One Housing Group (OHG) keyworkers are being told to absorb a shocking 11.1% rent increase this month, according to letters that have been passed to SHAC.
Selma*, a teacher on a keyworker tenancy with OHG in London, received one such letter out of the blue in September. Selma questioned the increase as housing association rent rises normally take effect in April of each year. Most are aligned to government’s social housing rent cap and this year, the rent cap was set at 7%.
Selma also has to pay service charges which are not subject to any regulation or cap, and said:
“I am already struggling. There is no way that I can find an extra 11% when my pay hasn’t gone up for the last year. I am not going to be paying the increase. I can’t afford it. Which key workers have had pay increases over 10%?”
OHG replied to Selma saying:
“The 7% cap does not apply to supported housing, market rented tenants and keyworker tenants. As you are a keyworker tenant, the 11.1% increase does apply to you.”
The OHG response still creates some confusion however as not all those on supported housing and market rents have received a similar increase.
Charity Does Not Begin at Home
One Housing Group owns and manages more than 17,000 homes across London and the South East, housing around 35,000 tenants and residents. It describes itself as having:
“… a charitable housing association at its core. We believe in creating places that people can call home, supporting people to live well and building lasting homes and communities.”
But as Selma is finding out, the association sees no contradiction in applying rent increases that risk making tenants and residents homeless.
Richard Hill (left) One Housing Group chief departed the association earlier this year.

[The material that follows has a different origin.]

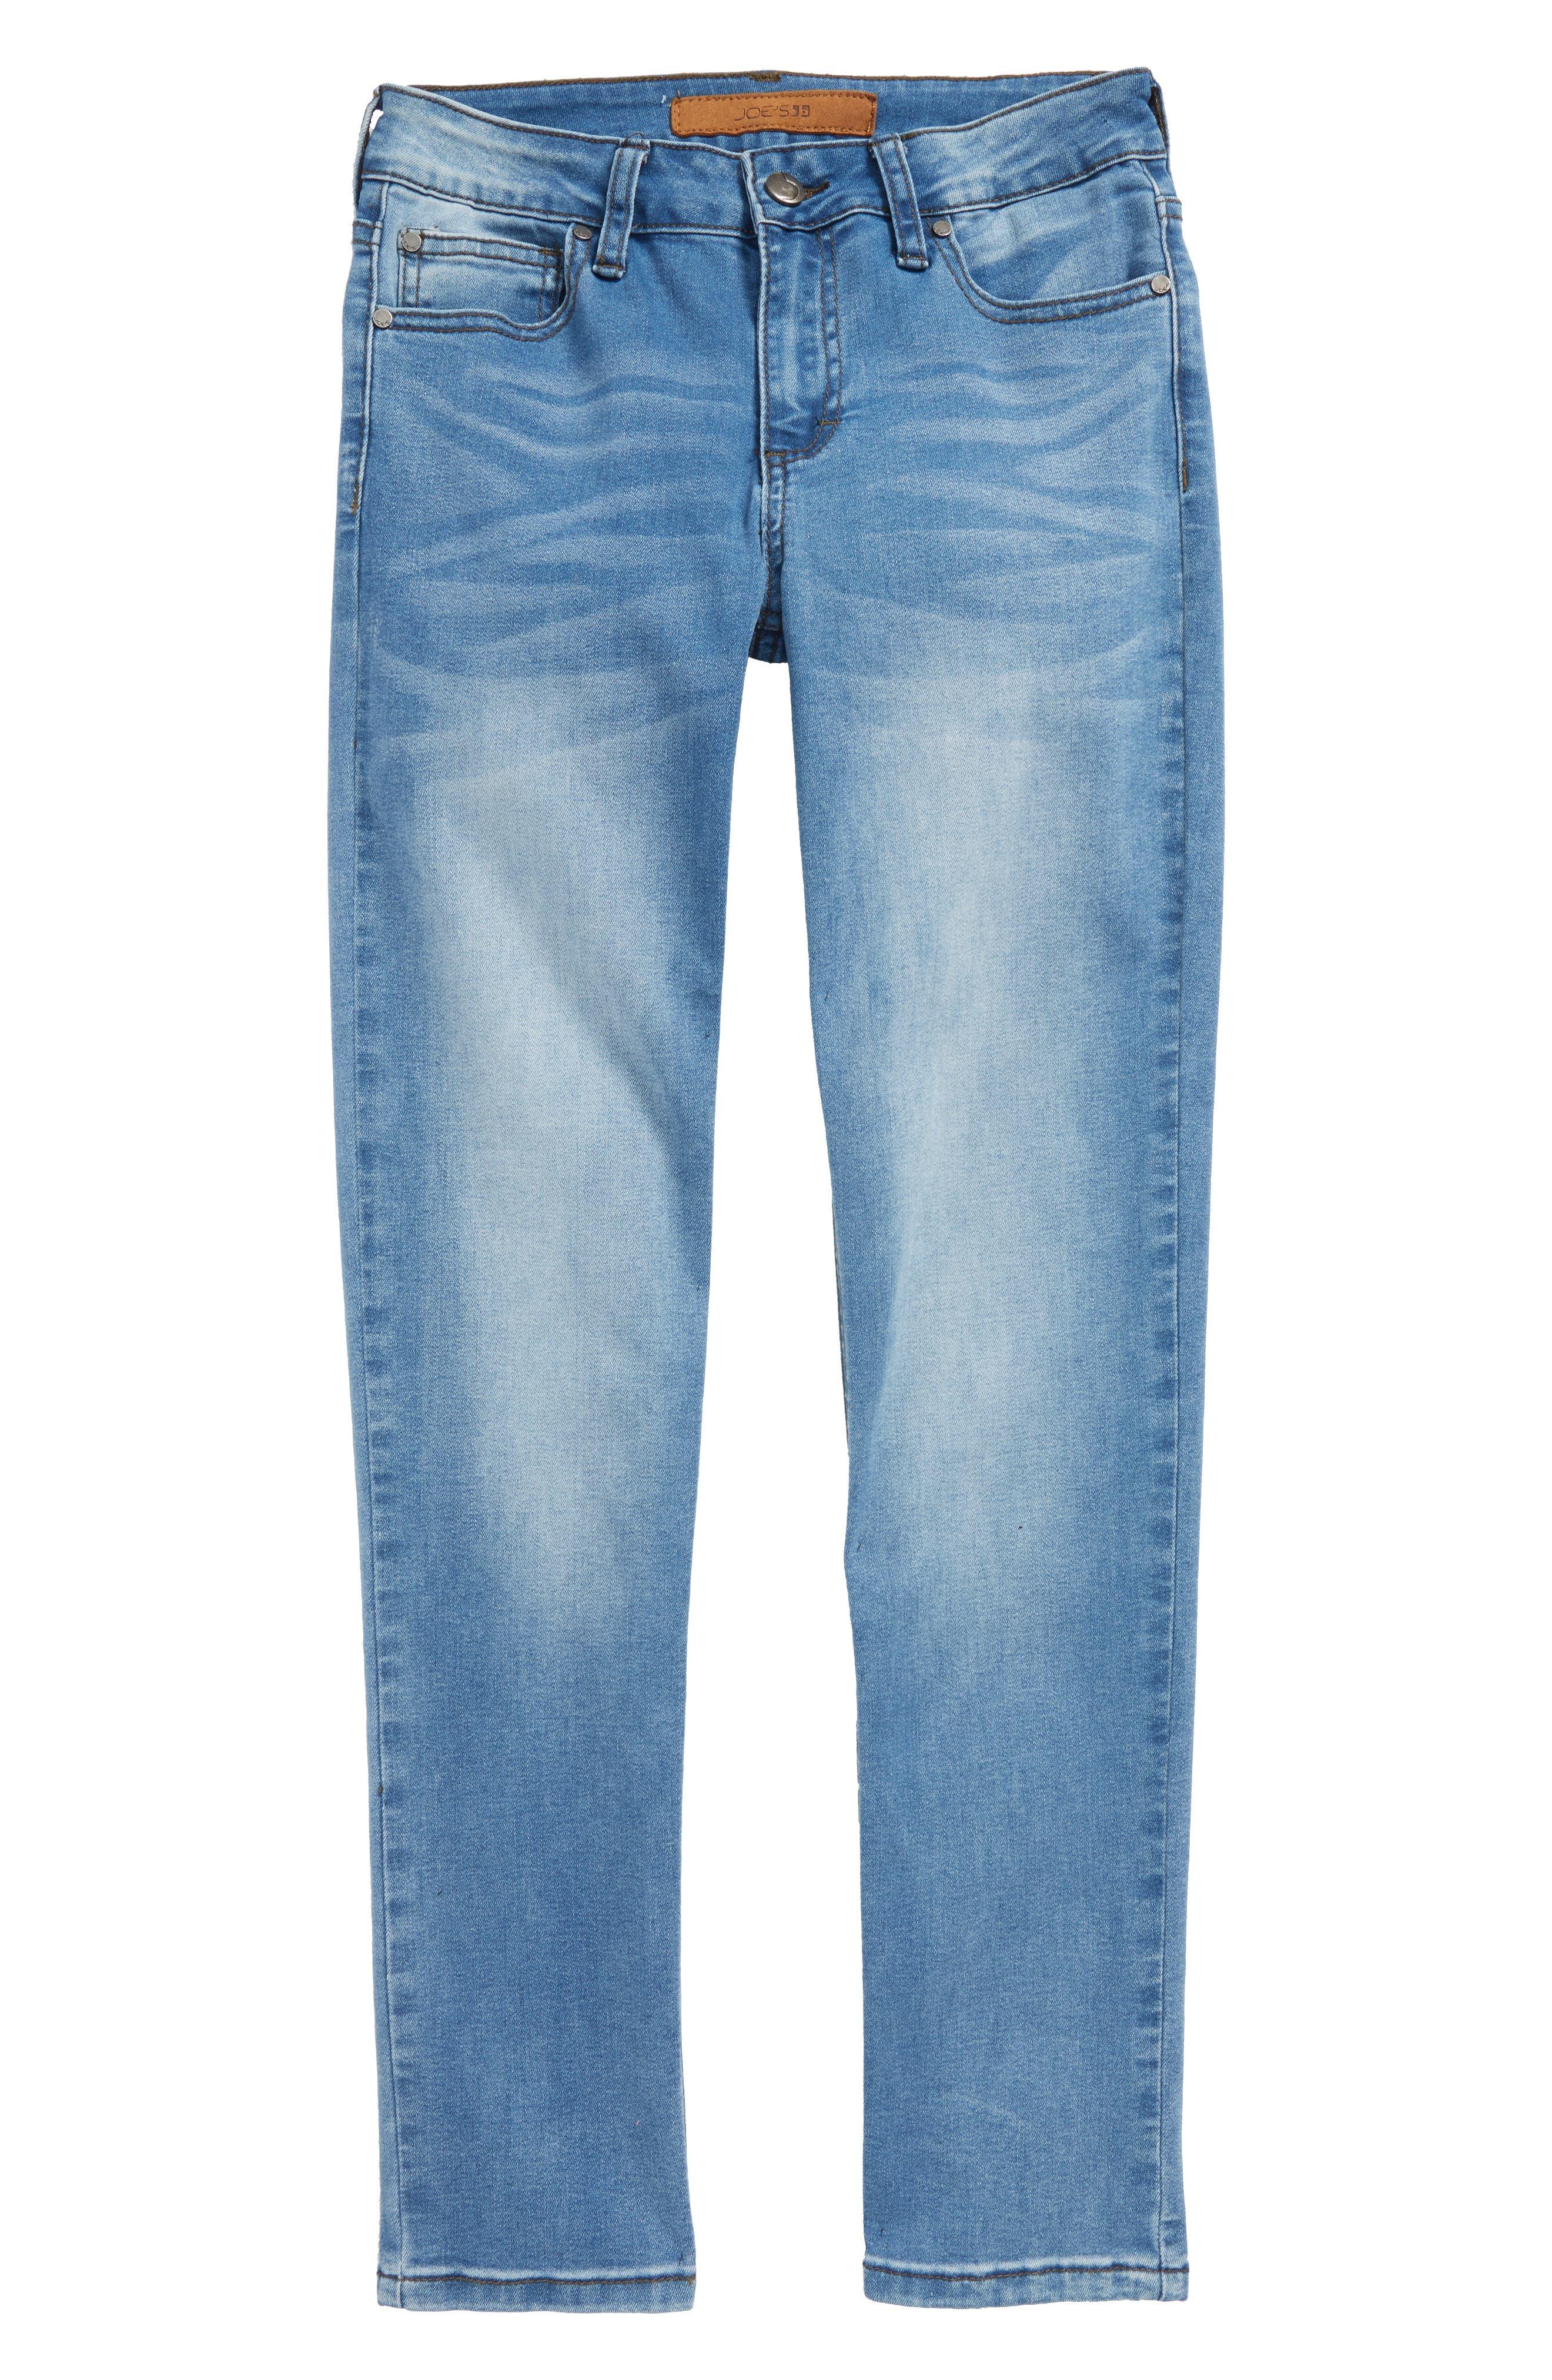 Rad Kinetic Stretch Skinny Fit Jeans,                         Main,                         color, Cubana Blue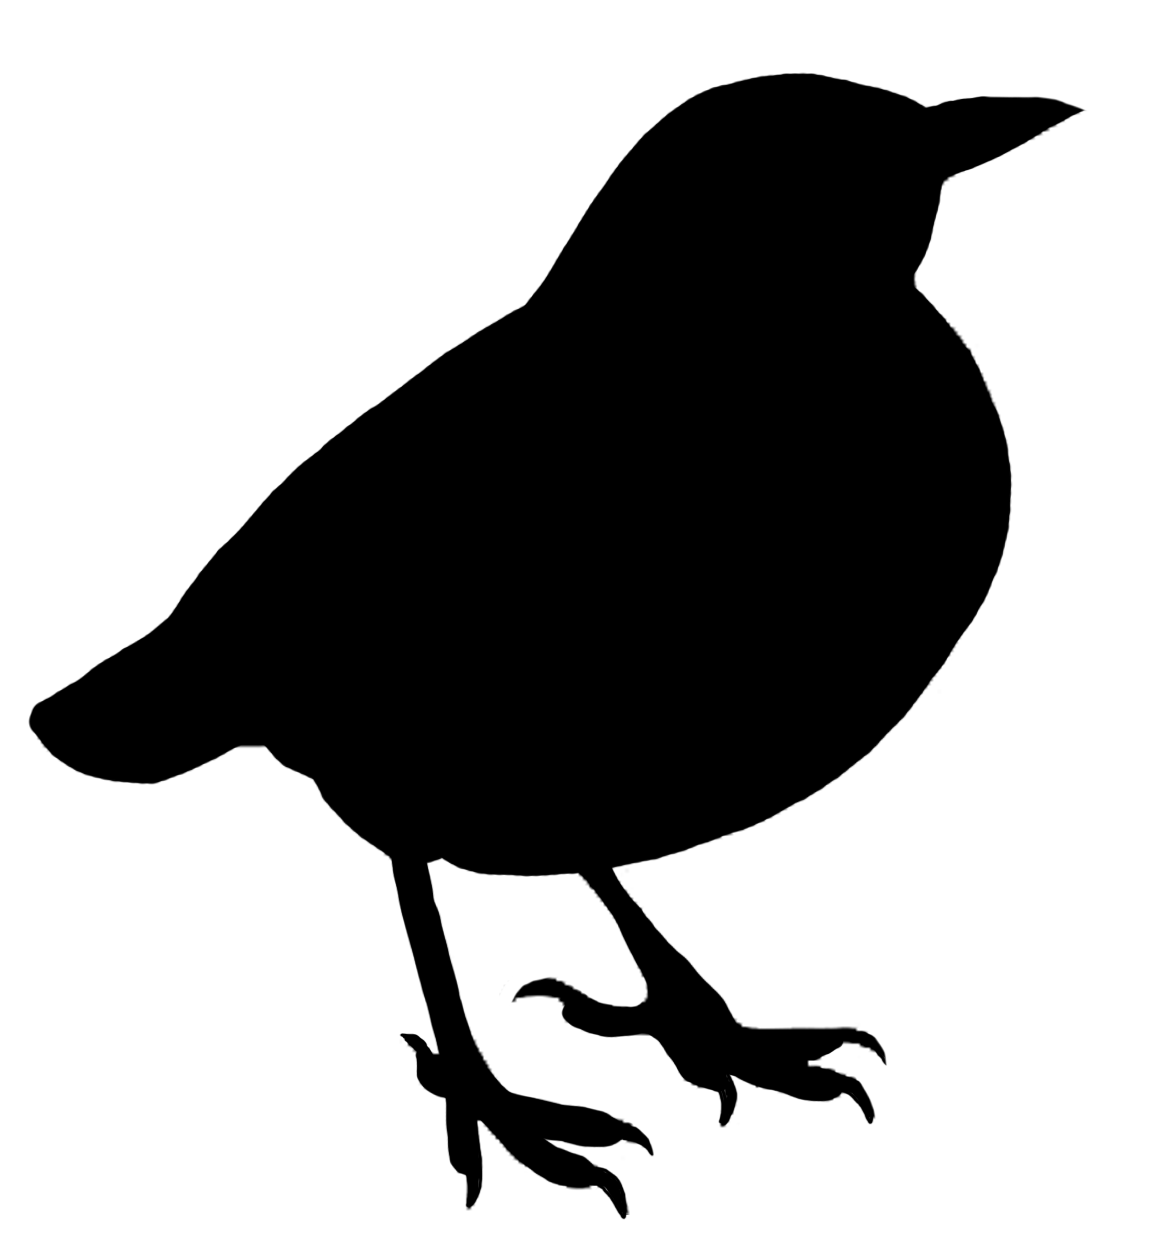 Bird Outline PNG HD - 127205

Riverside chief Carol Matthews (right), announced last month that she is also leaving.
OHG which primarily owned properties in London and the south east, recently merged with a northern based housing association, Riverside Housing Group. Both have considerable wealth. OHG made an operating surplus of more than £37 million in 2022, and Riverside’s surplus exceeded £105 million.
The organisations are also generous in their executive pay. OHG’s chief earns around £230,000 per year, and Riverside pays more than £260,000. Meanwhile, at the other end of the spectrum, public and community workers living in their homes are being pushed into financial penury.
The government’s Key Worker Living scheme was launched in 2004. It aimed to stem the drain of public service workers in London and the south east where high housing costs caused recruitment and retention problems for employers. The scheme offers discounted rents and mortgages.
Selma joined SHAC’s Unfair and Uncapped campaign to demand a freeze on rents and a cap on service charges to prevent people being priced out of housing association homes.
The leading edge of the campaign supports tenants and residents to withhold payment of rent and service charge increases, as well as organising protests, political lobbying, and media work.